For completeness, it is noted that Nyquist plots also reveal aging-related changes, with the growth of the mid-frequency semicircle reflecting increased charge transfer resistance and the extension of the low-frequency tail indicating diffusion polarization. However, these features often overlap, and equivalent circuit fitting can yield non-unique parameter values. In contrast, the DRT approach separates these contributions into distinct peaks, allowing the τ ratio between the charge transfer and diffusion processes to be quantified robustly. This highlights why the τ ratio derived from the DRT offers advantages over direct a Nyquist/ECM analysis for SOH estimation.

The Samsung Galaxy S9+ battery data was used to assess battery status and estimate lifespan. Initially, EIS Nyquist plots were generated and subsequently deconvoluted to differentiate each electrochemical process. This deconvolution enabled the derivation of DRT plots, from which the ratio of charge transfer to diffusion processes was calculated.

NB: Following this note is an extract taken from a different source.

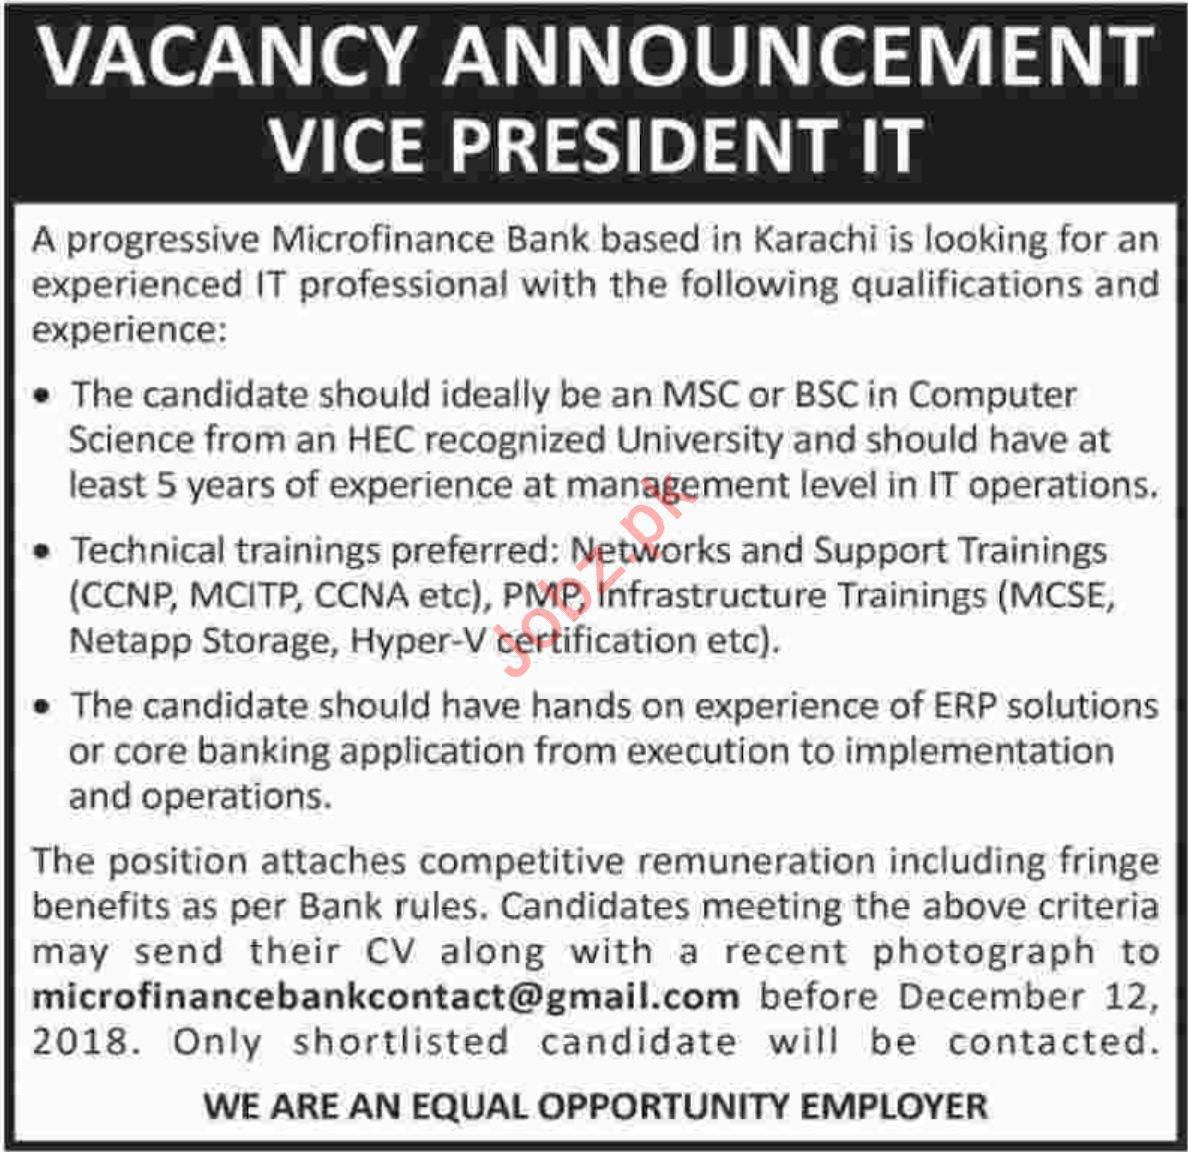 Vice President IT Jobs at Microfinance Bank

To evaluate the status of a LIB, the ‘tau’ ratio is calculated from the DRT plots and plotted onto the same graph. For verification in this study, Samsung Galaxy S9+ battery data was analyzed, and its transformation into the DRT is shown in Figure 12. The ‘tau’ ratio graph for the Samsung Galaxy S9+ battery aligned closely with the main ‘tau’ ratio graph up to its midpoint, indicating that the battery had completed approximately half of its life, which was 1000 cycles. By analyzing this segment of the graph, it was concluded that approximately half of the battery’s health or lifespan had been depleted. Based on these findings, it was estimated that the Samsung Galaxy S9+ battery would require an additional 1100 cycles to reach its EoL, giving it a total lifespan of approximately 2100 cycles. This approach illustrates that by generating a DRT plot for any LIB, its current status can be accurately assessed without depending on historical data. Furthermore, the total lifespan of the battery can be predicted using the ‘tau’ ratio parameter, providing valuable insights into battery performance and longevity.

5. Conclusions

In this paper, a novel approach to estimating the SOH of LIBs is introduced using DRT analysis, with a specific focus on the characterization of the central relaxation time (τ) ratio between charge transfer and diffusion processes. This method distinguishes itself from conventional DRT parameters by offering a more direct and data-independent approach to assessing battery health and predicting overall lifespan. The experimental results reveal consistent and observable trends in the shifting and merging of the DRT peaks as the batteries undergo aging, which are effectively captured and quantified by the proposed τ ratio. A polynomial model derived from the τ ratio data further enhances the analysis, enabling accurate predictions of battery status and lifespan over time. The practicality and robustness of this approach are validated through its application to a commercial Samsung Galaxy S9+ battery, which, although not cycled to the EoL, still shows consistent behavior in line with the model predictions. Additionally, the ability of the method to deliver insights into battery performance degradation without relying on extensive historical data sets it apart from traditional SOH estimation techniques, thereby advancing our broader understanding of battery aging mechanisms and contributing to more efficient and predictive battery health management. Limitations of this study are the relatively small sample size and the absence of replicates, which prevent full quantification of between-cell variability. Nevertheless, the consistent τ ratio trends observed across the three distinct cell formats indicate the robustness of the proposed method. The statistical reliability of the polynomial fit (Adj. R² = 0.9994 with low coefficient errors) supports these findings further. Future work will expand this analysis to larger datasets, including multiple replicates of 18650 and automotive-grade cells, to establish confidence intervals and assess variability across batches.